Take from the entries below the stretch from the line with "BULLHEAD SAFETY - Acero" through the line with "Primary Image of", and return it exactly, leaving the pictures out.

DATA IN THIS EXERCISE:
Segment Open

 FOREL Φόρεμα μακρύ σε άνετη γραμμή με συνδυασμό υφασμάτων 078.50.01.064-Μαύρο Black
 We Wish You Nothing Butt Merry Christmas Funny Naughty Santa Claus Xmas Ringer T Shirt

Segment Closed
Segment Open

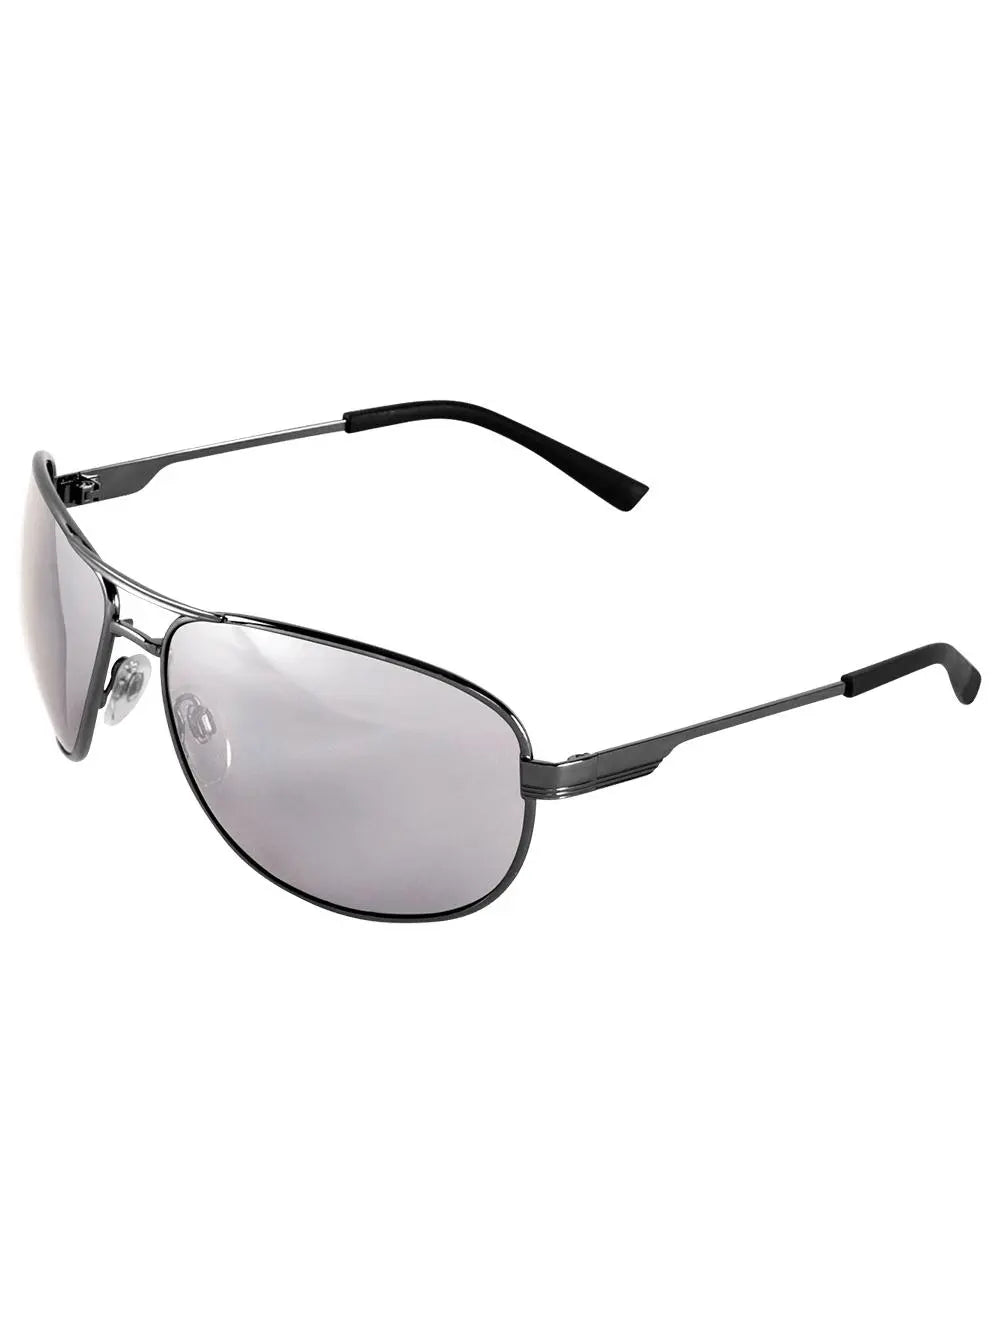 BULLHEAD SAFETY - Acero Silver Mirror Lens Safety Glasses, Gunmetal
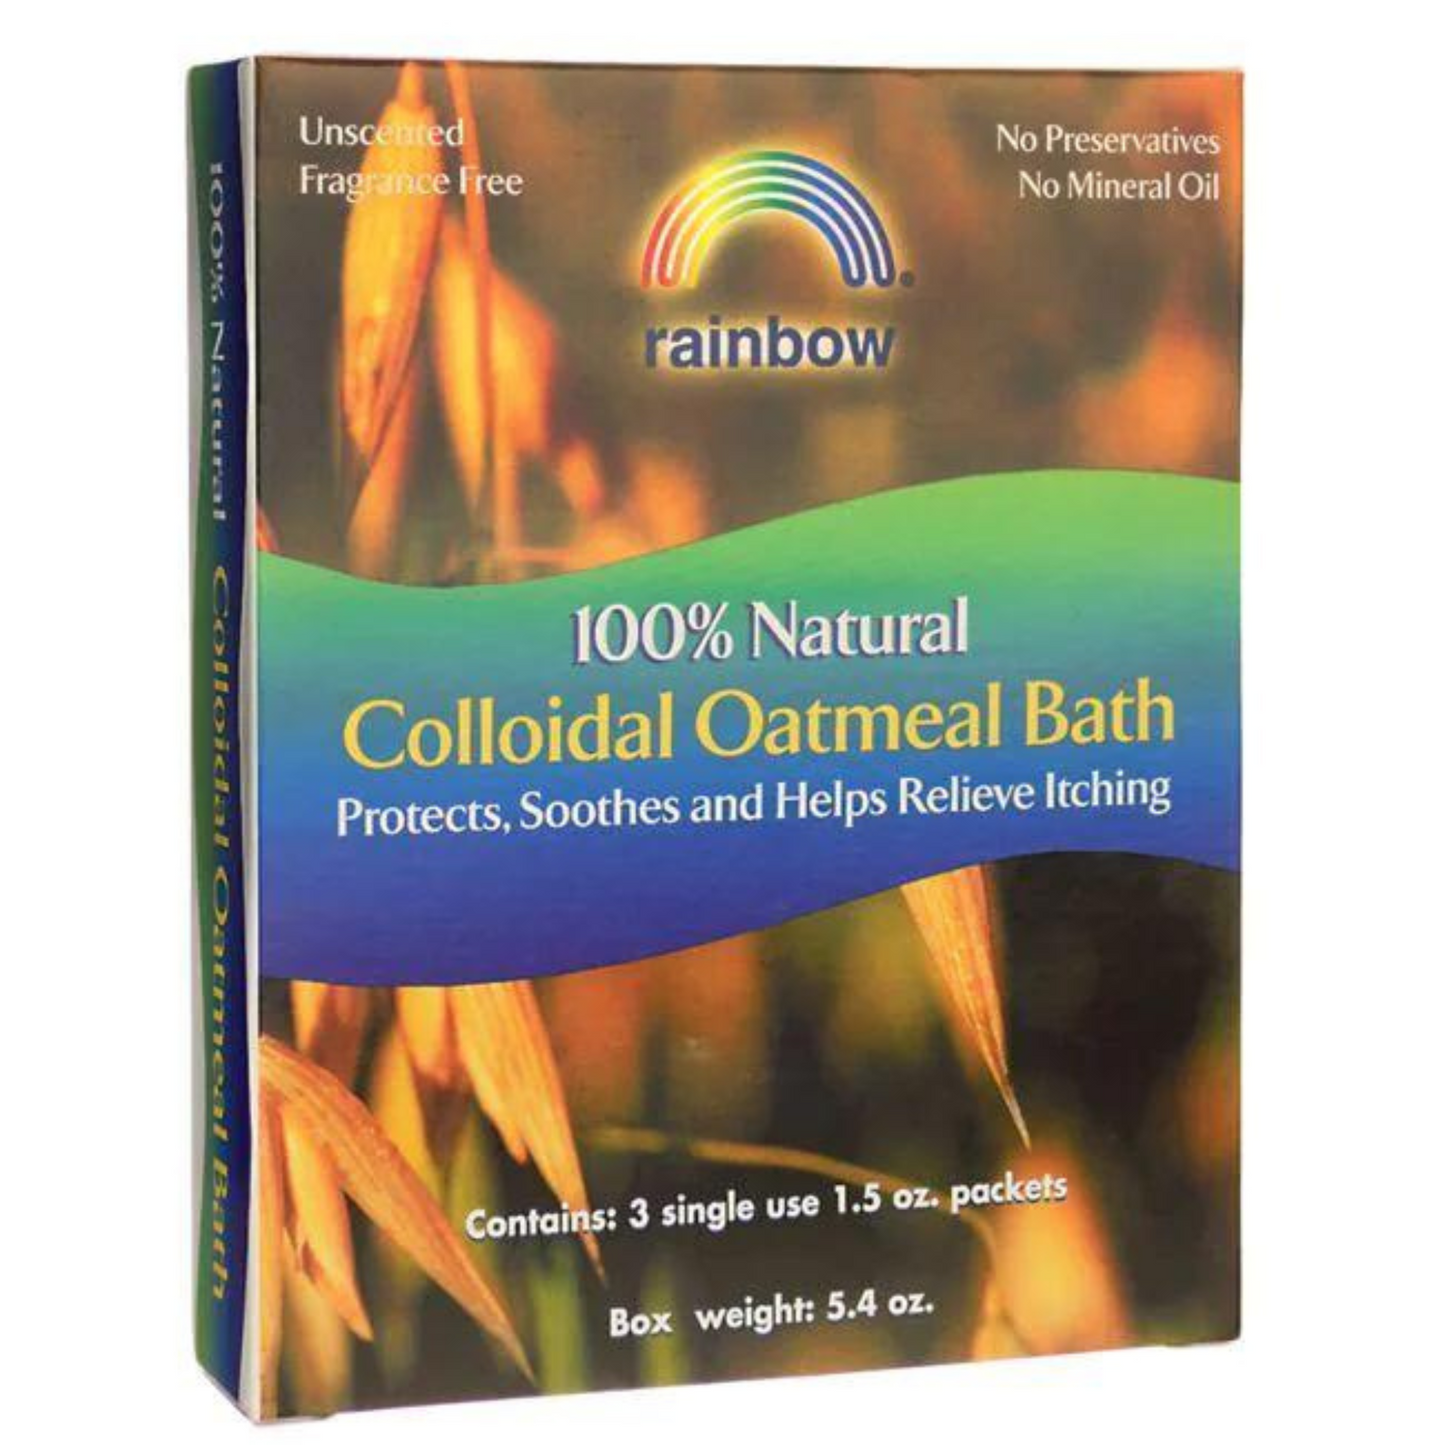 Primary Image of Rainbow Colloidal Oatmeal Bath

Segment Closed
Segment Open

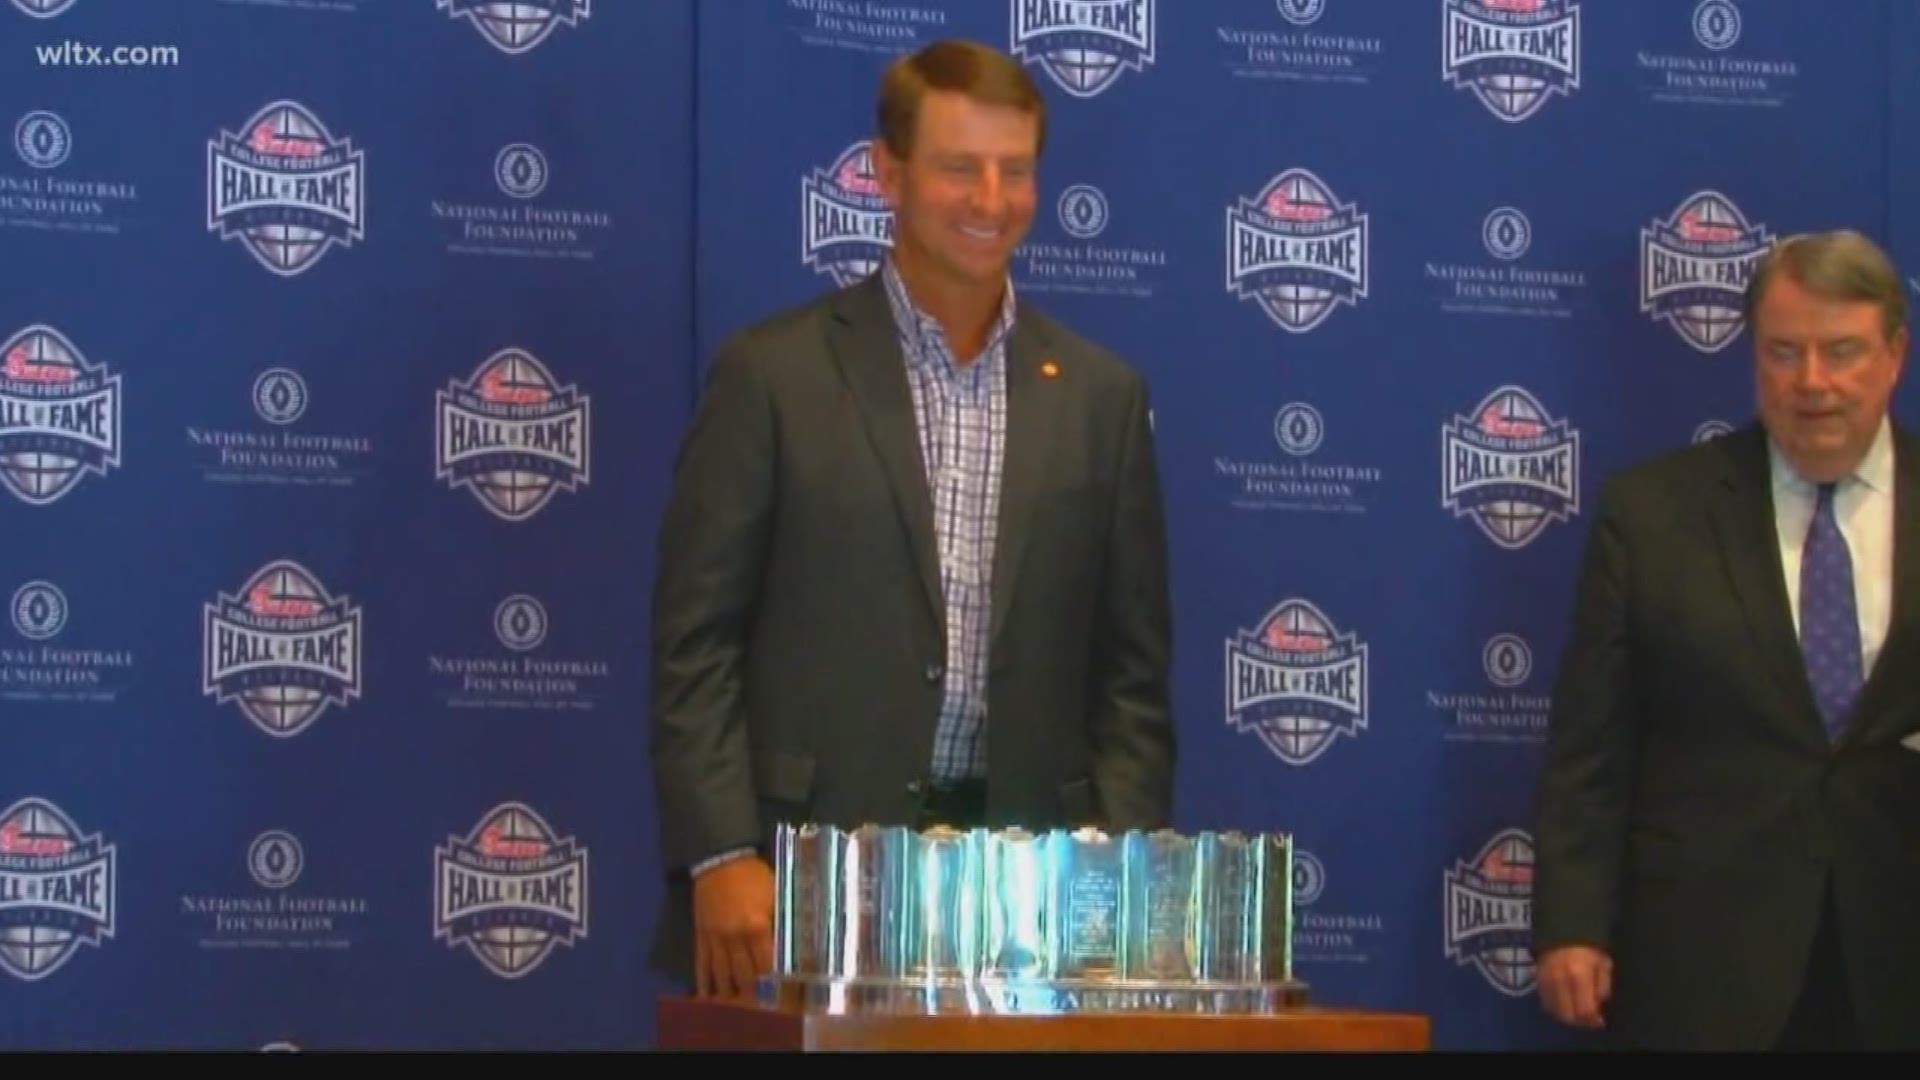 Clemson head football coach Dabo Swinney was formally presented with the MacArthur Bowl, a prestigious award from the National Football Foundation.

Segment Closed

SOLVED EXERCISE:
 BULLHEAD SAFETY - Acero Silver Mirror Lens Safety Glasses, Gunmetal
 Primary Image of Rainbow Colloidal Oatmeal Bath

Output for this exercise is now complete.